Greek Orthodox churches in the Salt Lake area are celebrating Easter a week later than most other churches.

Holy Week services have been conducted throughout the week at the Holy Trinity Church, 279 S. Third West, and Prophet Elias Church, 5335 Highland Drive, beginning with Palm Sunday April 3. They will culminate with several services April 10, which is Easter Sunday for the Greek Orthodox community this year.Holy Trinity and Prophet Elias churches will hold a Divine Liturgy at 9 a.m. Saturday followed by Orthros, at 11:30 p.m., and a Resurrection Service at midnight.

Holy Trinity will hold Vespers of Agape at 5:30 p.m. Sunday followed by an Agape Party at the church.

Another Greek Orthodox congregation formed in the Salt Lake area within the past year, the Antiochian Evangelical Orthodox Mission, 1140 S. Ninth East, will hold a Divine Liturgy of St. Basil at 11 a.m. Saturday and a Resurrection Service and Divine Liturgy at 11 p.m. On Sunday, the mission will hold an Easter Sunday Agape Vespers at 4 p.m. followed by a community feast.

According to the Very Rev. Joachim Hatzidakis, dean of the Greek Orthodox Community of Salt Lake City, the question of when Easter should be celebrated began with the early Christian Church and remains unresolved.

The Julian calendar was devised in 46 B.C. by Julius Caesar. Before that time, Roman religious officials had distorted the calendar so it differed from the solar year by three months. The Julian calendar divided the year into 12 months alternating from 30 to 31 days, except February, which had 29 days. To get things started out right, three months were added to the year 46 B.C., making it 15 months long, and the first Julian year began Jan. 1, 45 B.C.

By 1580, the calendar was 10 days off. Two years later, Pope Gregory XIII corrected the situation with a newly developed Gregorian calendar. Portugal, Spain and the Italian states accepted the new calendar immediately, but the Protestant German states did not accept it until 1699. The Gregorian calendar was not accepted by England and its colonies, including the future United States, until 1753.

People like George Washington who lived when the calendar was changed in America could have celebrated two different birthdays the actual date on the calendar and the actual time when a year had elapsed after their pre-1753 birthday.

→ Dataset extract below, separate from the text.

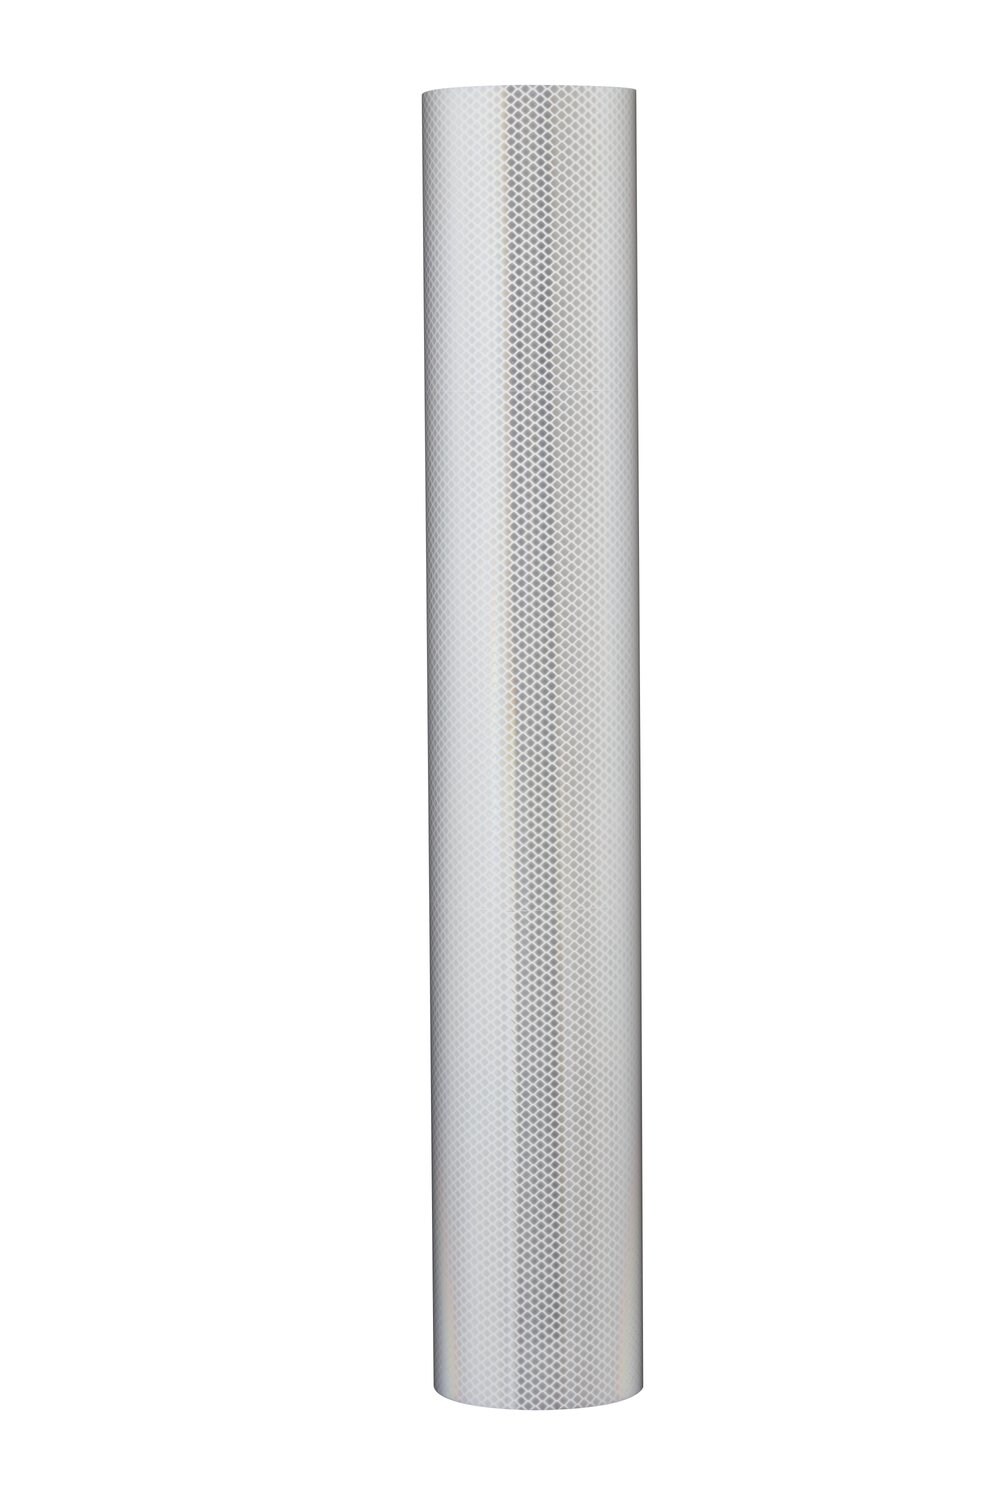 7100009916 - 3M Diamond Grade Flexible Prismatic Reflective Sheeting 3910FP White,
Configurable roll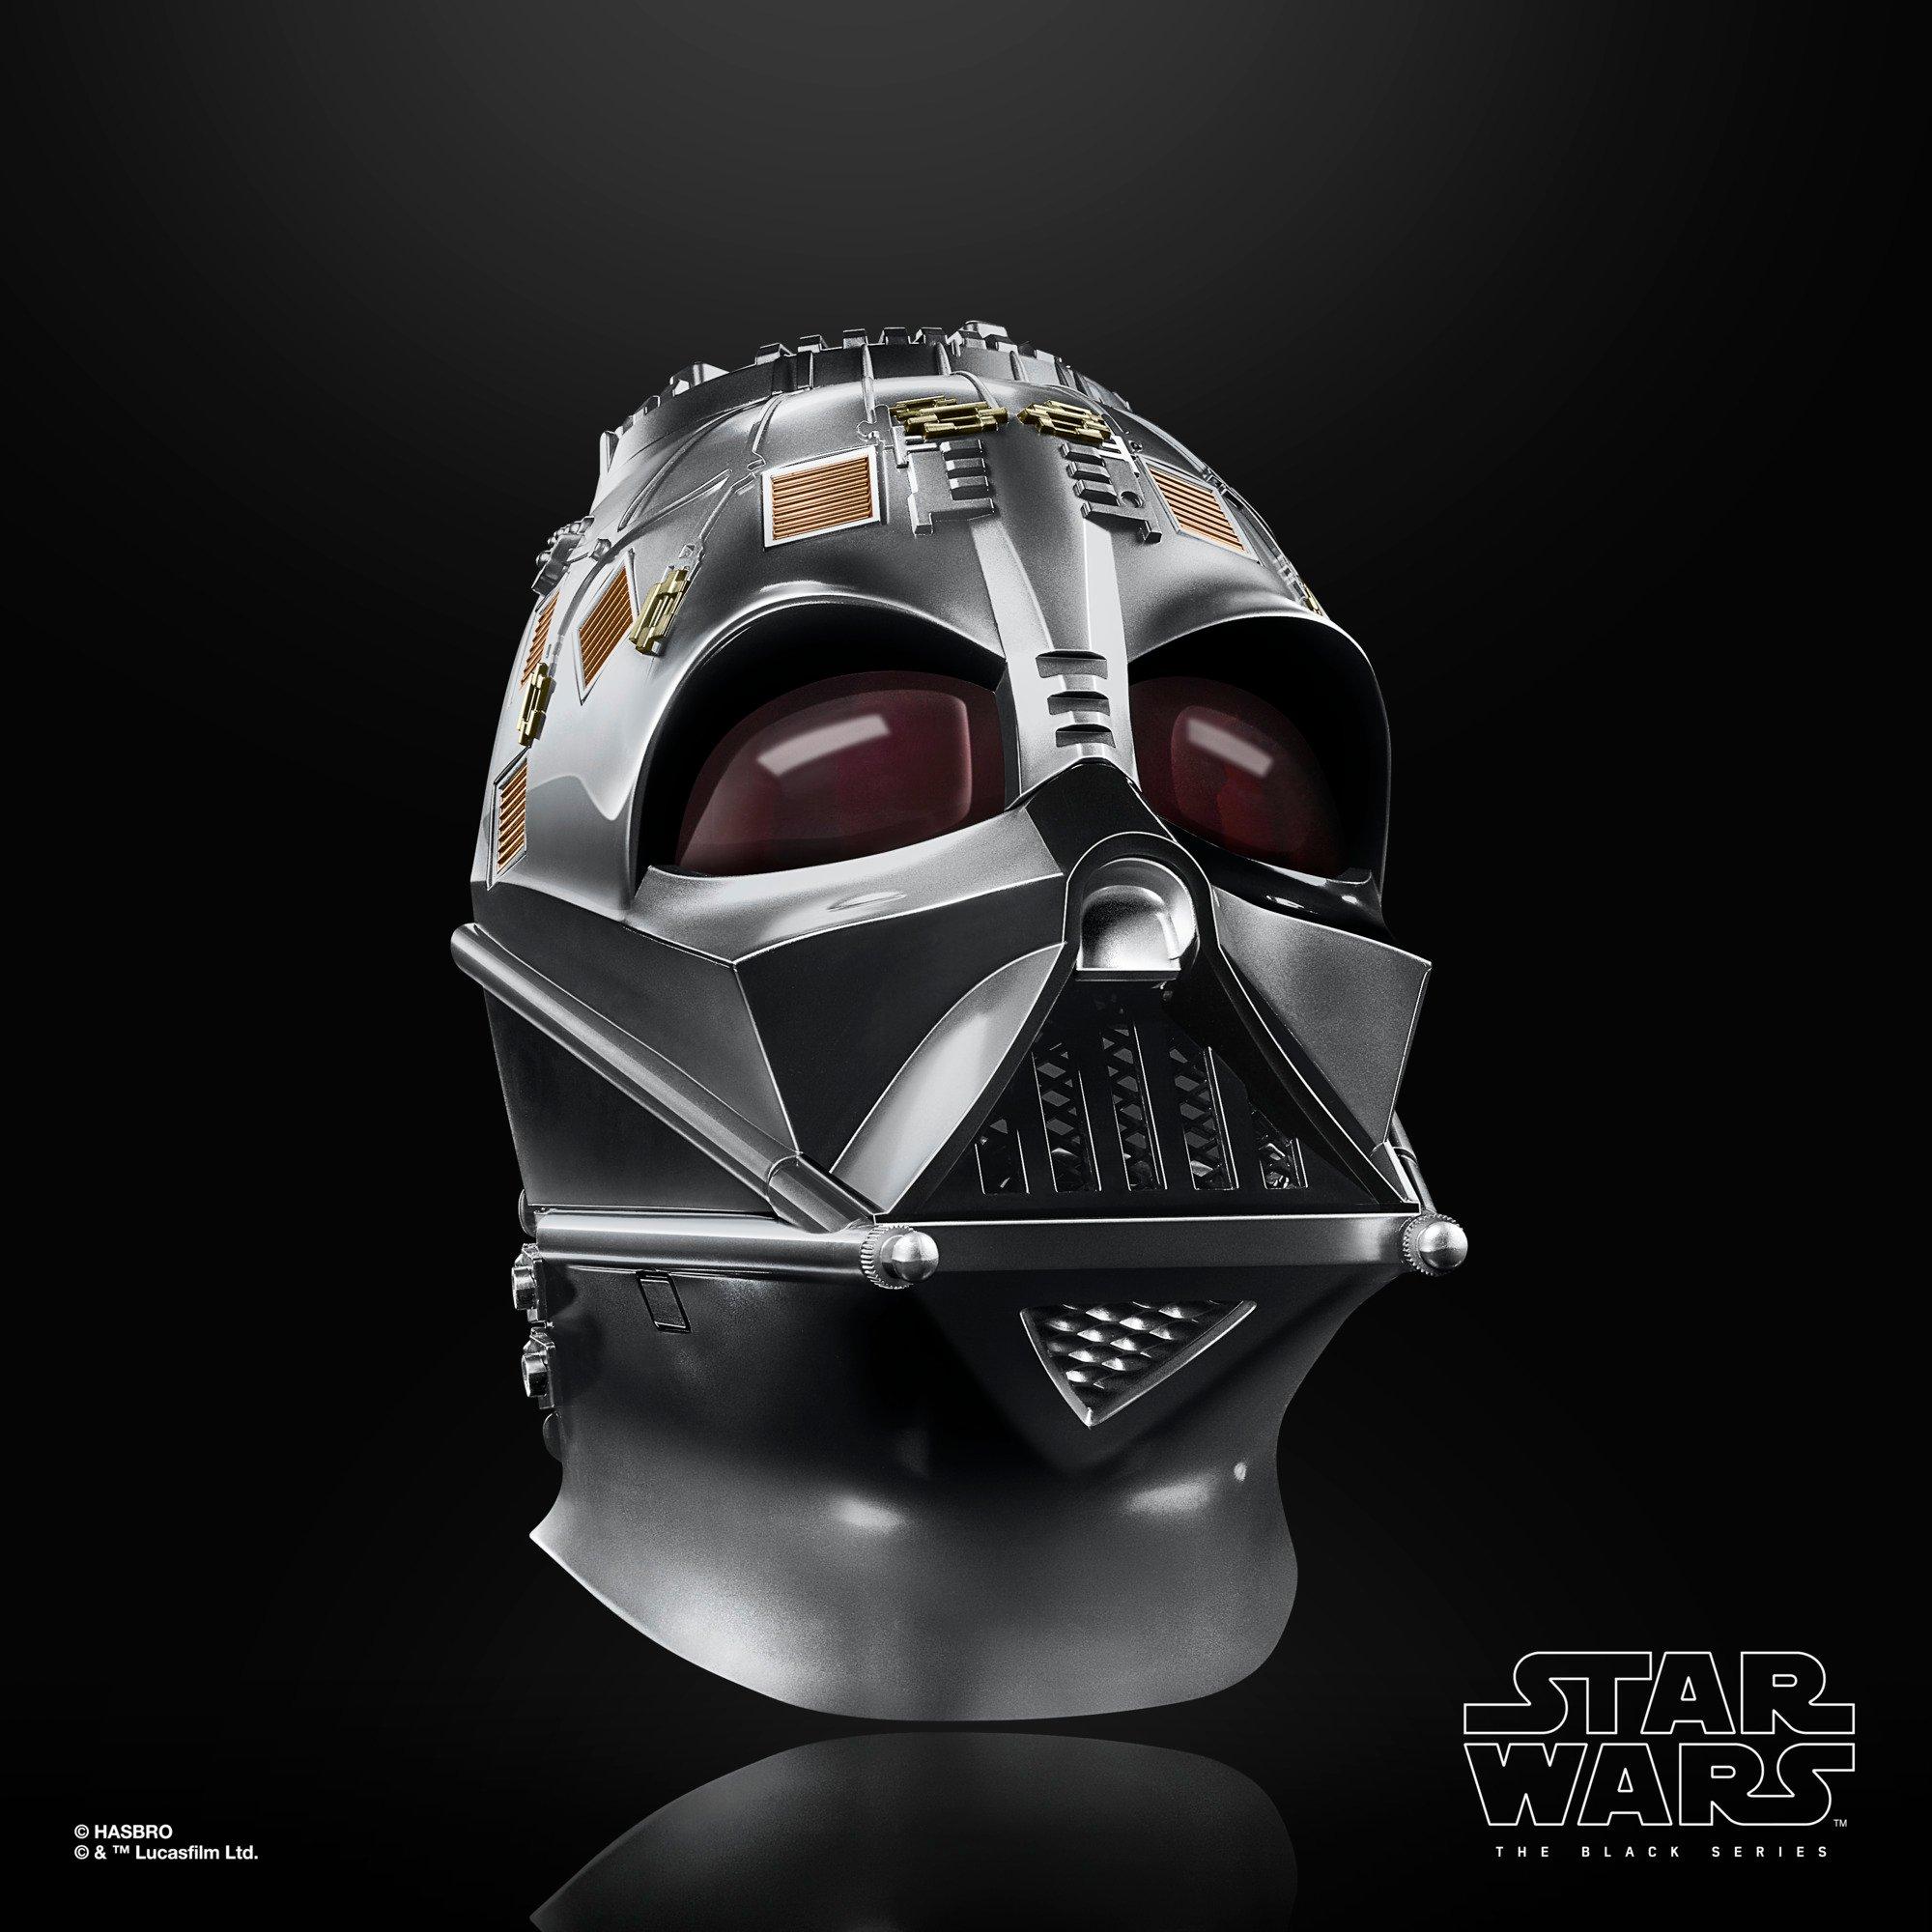 https://media.gamestop.com/i/gamestop/11178754_ALT05/Hasbro-Star-Wars-The-Black-Series-Darth-Vader-Premium-Electronic-Helmet?$pdp$

Greece did not change to the new calendar until 1923. Many Muslim countries never have accepted it and tend to retain calendars based on Islam.

A date for Easter was set in 325 A.D. at the Council of Nicaea. According to the Gregorian calendar, it is the first Sunday following the full moon on or after the vernal equinox, March 21. On this schedule, Easter Sunday may fall anywhere between March 22 and April 25.

All Western Christian churches follow the same schedule. This year, Easter for Western Christian churches fell on April 3. Last year the date was April 19.

Eastern Orthodox churches use the Julian calendar and follow the admonition of the Byzantine jurist Ioannes Zonaras who, in the 12th century, said: "Easter is to be celebrated on the Sunday after the first full moon following the spring equinox, provided that the Jewish Passover has already been celebrated."

In 340 A.D., the Jews adopted a new calendar, which affected the calculations of the date of Passover. Hatzidakis said the Jewish religious calendar is different from either the Julian or Gregorian calendars and their Passover does not necessarily coincide with the Western Christian Palm Sunday.

And, since the Eastern Orthodox churches hold their Easter after the Jewish Passover, Easter can be celebrated in Eastern and Western churches as much as five weeks apart.